Geniales y genitales en ‘True Detective’

El drama, sexo y misterio en el estilo de ‘True Detective’. El gusto por lo escabroso, lo sórdido, lo desagradable que intentamos esconder se podría definir con la imagen de una camisa sucia, sudada, en un color desteñido que promete que en el pasado fue nueva y reluciente pero ya está vieja. Eso mismo es lo que promete Rust Cohle, el detective interpretado por Matthew McConaughey en True detective. O ‘la película hecha serie’, como a mí me gusta llamarla. OJO CONTIENE SPOILERS!! (Luego no digáis que no os aviso)

Porque, sí señores, es una peli en formato de 58:00 minutos a la semana. Derivado de serlo, tiene escenas algo más largas a lo que estamos acostumbrados en televisión, o interpretaciones muy intensas en momentos cortos. Puede que sea una perspectiva no compartida por nadie más, pero creo que es más película en corto que serie alargada, tal vez justo lo contrario del caso del genial Sherlock de BBC.

Bueno, de geniales a genitales, que se nos va el tema.

El personaje de Cohle es extraño, maniático, solitario y aún así sabemos que podemos confiar en él. ¿O no? La prostituta que le pasa pastillas  y le ofrece sexo gratis y él rechaza sin planteárselo en el dormitorio de ella, plagado de peluches y cosas de color rosa a su alrededor.

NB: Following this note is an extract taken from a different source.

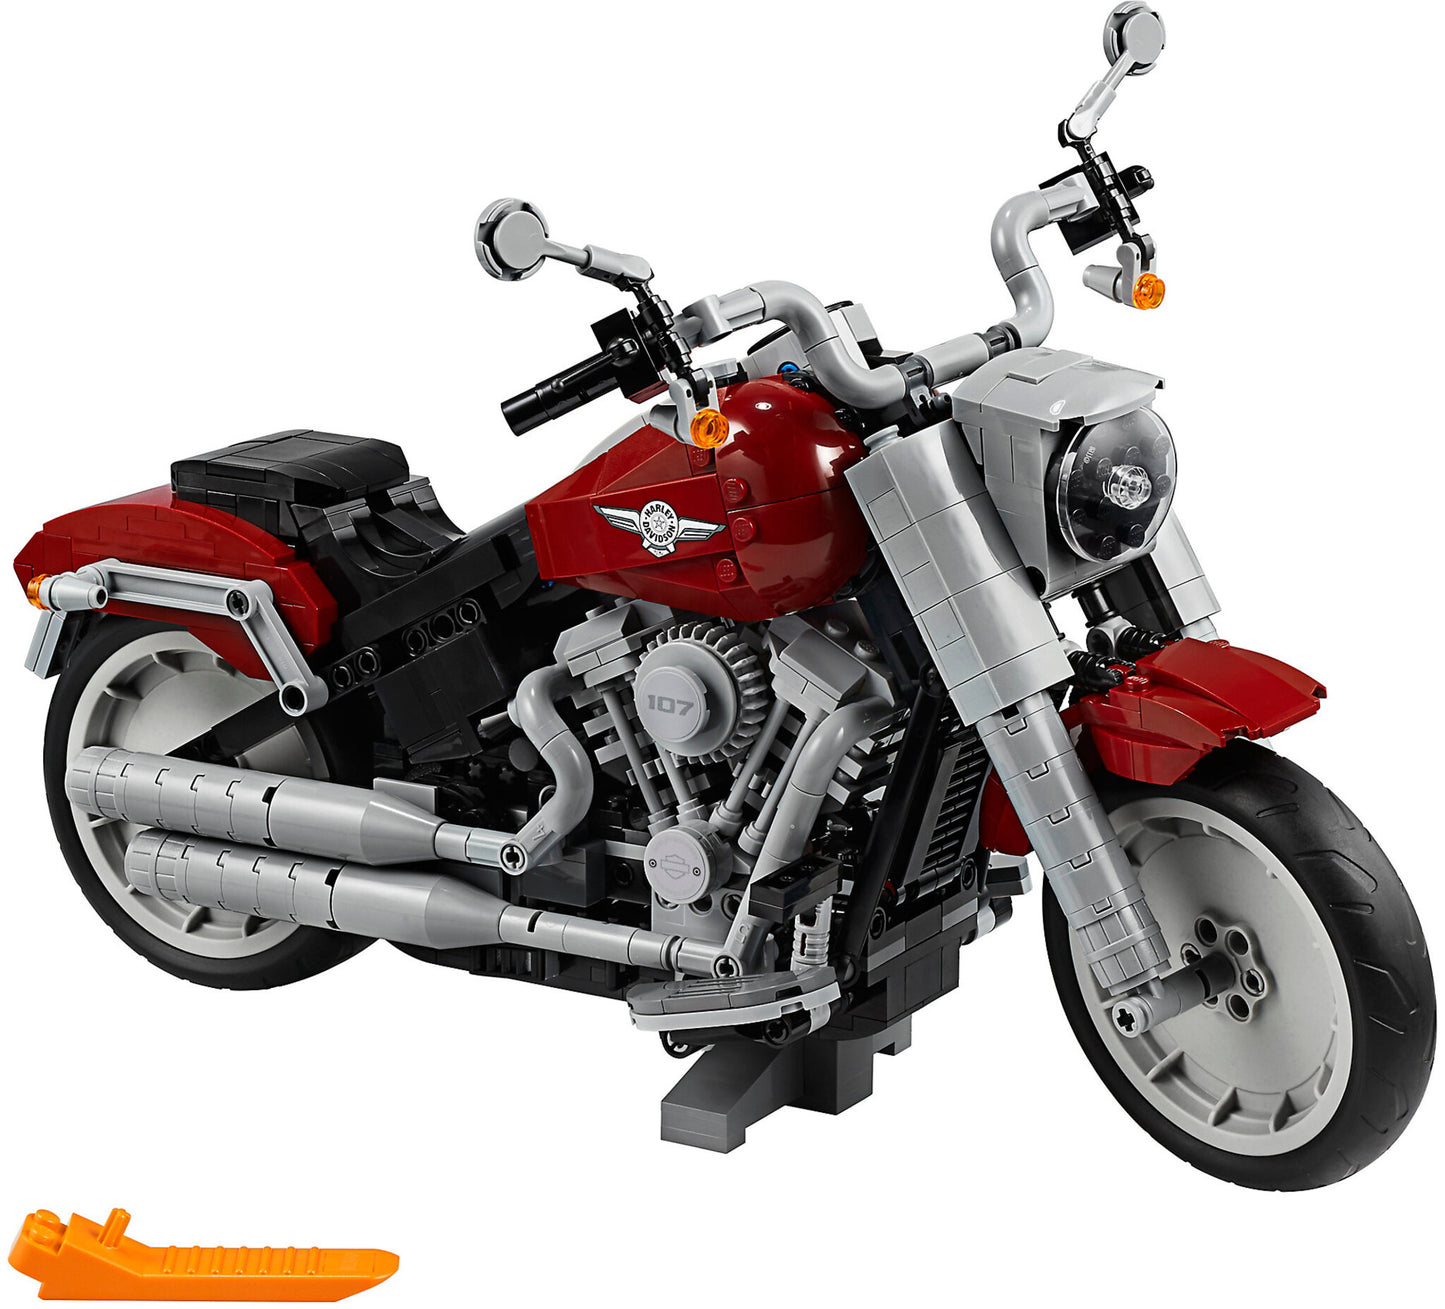 10269 LEGO Creator - Harley Davidson® Fat Boy®

Incluso las braguitas de ella, de encaje y en colores pastel,  indican un punto de inocencia terriblemente rota, como Cohle. Él también está roto por dentro. Y nos lo deja ver, a veces incluso nos lo dibuja.

El caso es que la simbiosis entre interpretación y ambientación de True Detective es digna de mención, como bien explica la escena que describimos en el párrafo anterior. La luz, los colores, y las camisas de nuestro querido Mateo. Ese color vainilla oscuro, desteñido, sucio en resumen, pero con un punto de nostalgia de lo que fue…  y no volverá. Y lo mal que le quedan las corbatas. Por no hablar del pelo. De esa melena y bigote a lo Tío Sam que da tanta grima… La estética de la serie es impecable… en lo sucia que está.

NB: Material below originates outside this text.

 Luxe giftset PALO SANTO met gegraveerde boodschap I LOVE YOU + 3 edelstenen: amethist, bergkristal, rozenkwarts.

Desconfía de un hombre que lleve siempre la camisa sucia me dice una voz en la cabeza. Claro que la otra opción, la del padre de familia y hombre modélico (sic), aquel que no lleva una mancha… o un olor llamativo, como se encarga de decirle Cohle, tampoco es alguien que produzca demasiada confianza. O tal vez Martin Hart, el personaje interpretado por un comedido Woody Harrelson sea otro tipo de confidencialidad la que nos hace sentir.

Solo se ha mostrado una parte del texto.